What could possibly go wrong? For the Tories, staring grimly at the launch of Nigel Farage’s latest pro-Brexit vehicle, the answer must surely be lots.

In theory the extra time should make a significant difference. One of Brexit’s many riddles is that a broad coalition of parliamentary mini-factions deliberately took us to the brink of no deal in pursuit of an electoral episode – be that a general election, a second referendum or a Tory leadership contest. Yet of course having nurtured this crisis none of these events were possible precisely because of the imminent crisis. With that no longer the case we could now be on a conveyer belt to one, if not all three, of these events.

Of the three, a Tory leadership contest seems the most certain. Of course it is technically true Theresa May is immune from a confidence vote until December. However, I would not bet on her enduring much in the way of further humiliation. When even Mark Francois is giving ‘personal vision’ speeches in airless Westminster locales, the Prime Minister must know the game is up.

Still, as a non-Tory looking in, it is difficult to shake the thought that the party is about to commit an enormous strategic blunder. For the question must seriously be asked what on earth would such a contest materially change about Brexit? The parliamentary arithmetic would be unaltered, the country no less divided and any hoped for poll bounce will surely be withheld unless and until the job of delivering Brexit is fulfilled. At this point the momentum towards a general election may be unstoppable. But do not think for one moment that Albion is not so perfidious as to elect Jeremy Corbyn in what would, for him, be God-given circumstances.

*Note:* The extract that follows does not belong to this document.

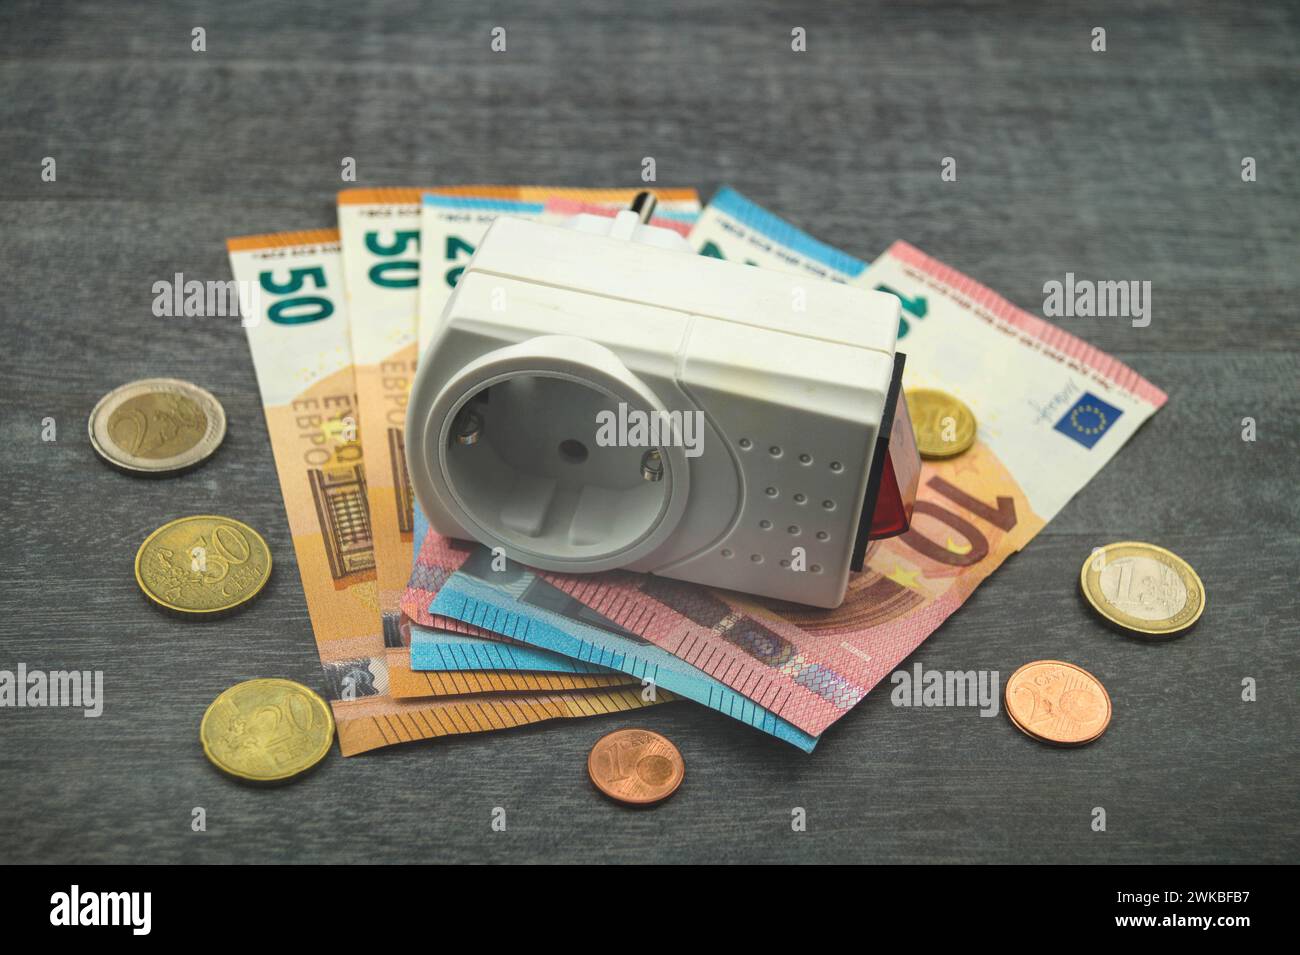 Socket et argent, image symbolique des coûts de l'électricité Banque D'Images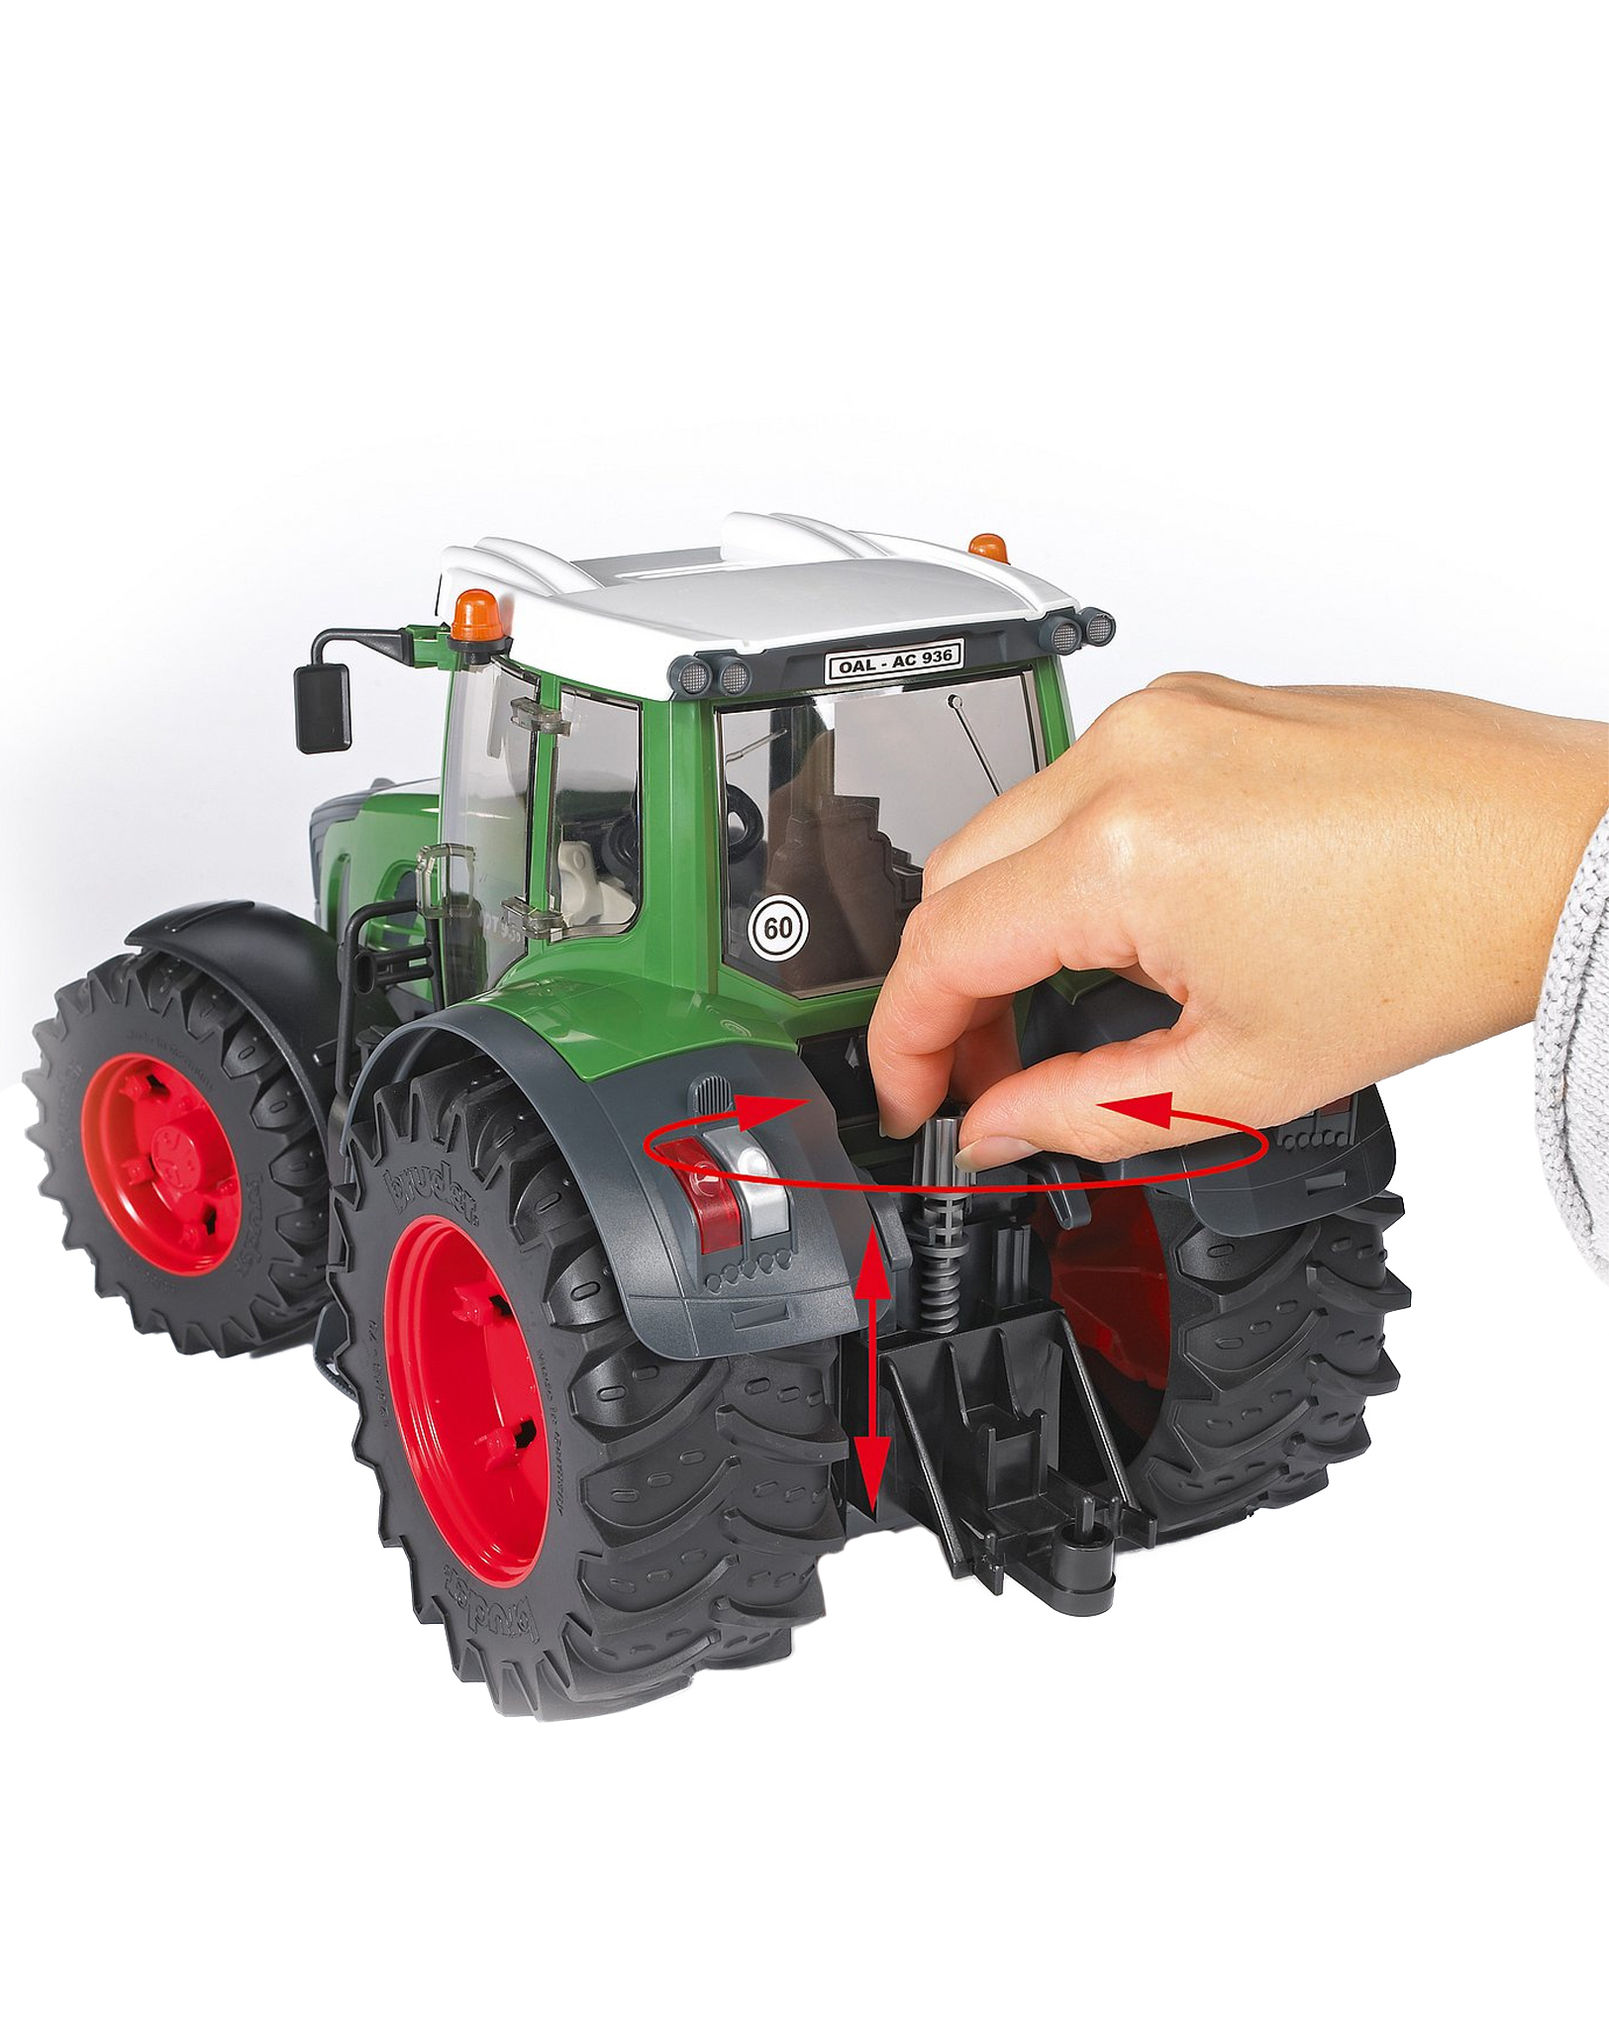 https://i.weltbild.de/p/bruder-3040-fendt-traktor-936-vario-modellfahrzeug-337099842.jpg?v=2&wp=_max

Yet even without such rune-reading the most important fact would remain unchanged. That is, that the EU has made it quite clear there will never be any trade deal without one of three things – the backstop, full single market and customs alignment, or an as yet unborn technological solution that would allow for frictionless trade across the Irish border. And as the latter of these is currently a unicorn, it is surely the backstop that provides for the most meaningful Brexit deal possible.

It is important that Conservatives fully appreciates what this means. For there will undoubtedly be grassroots pressure in any leadership contest to reject this choice and leave without a deal. But the reality is that the no deal option, like so many ideas put forward in this debacle, confuses ends and means. Because unless no deal hardens to never deal – which is to say unless Britain refuses the prospect of a trade deal with, by an enormous margin, its biggest trade partner – then no deal too is a chimera.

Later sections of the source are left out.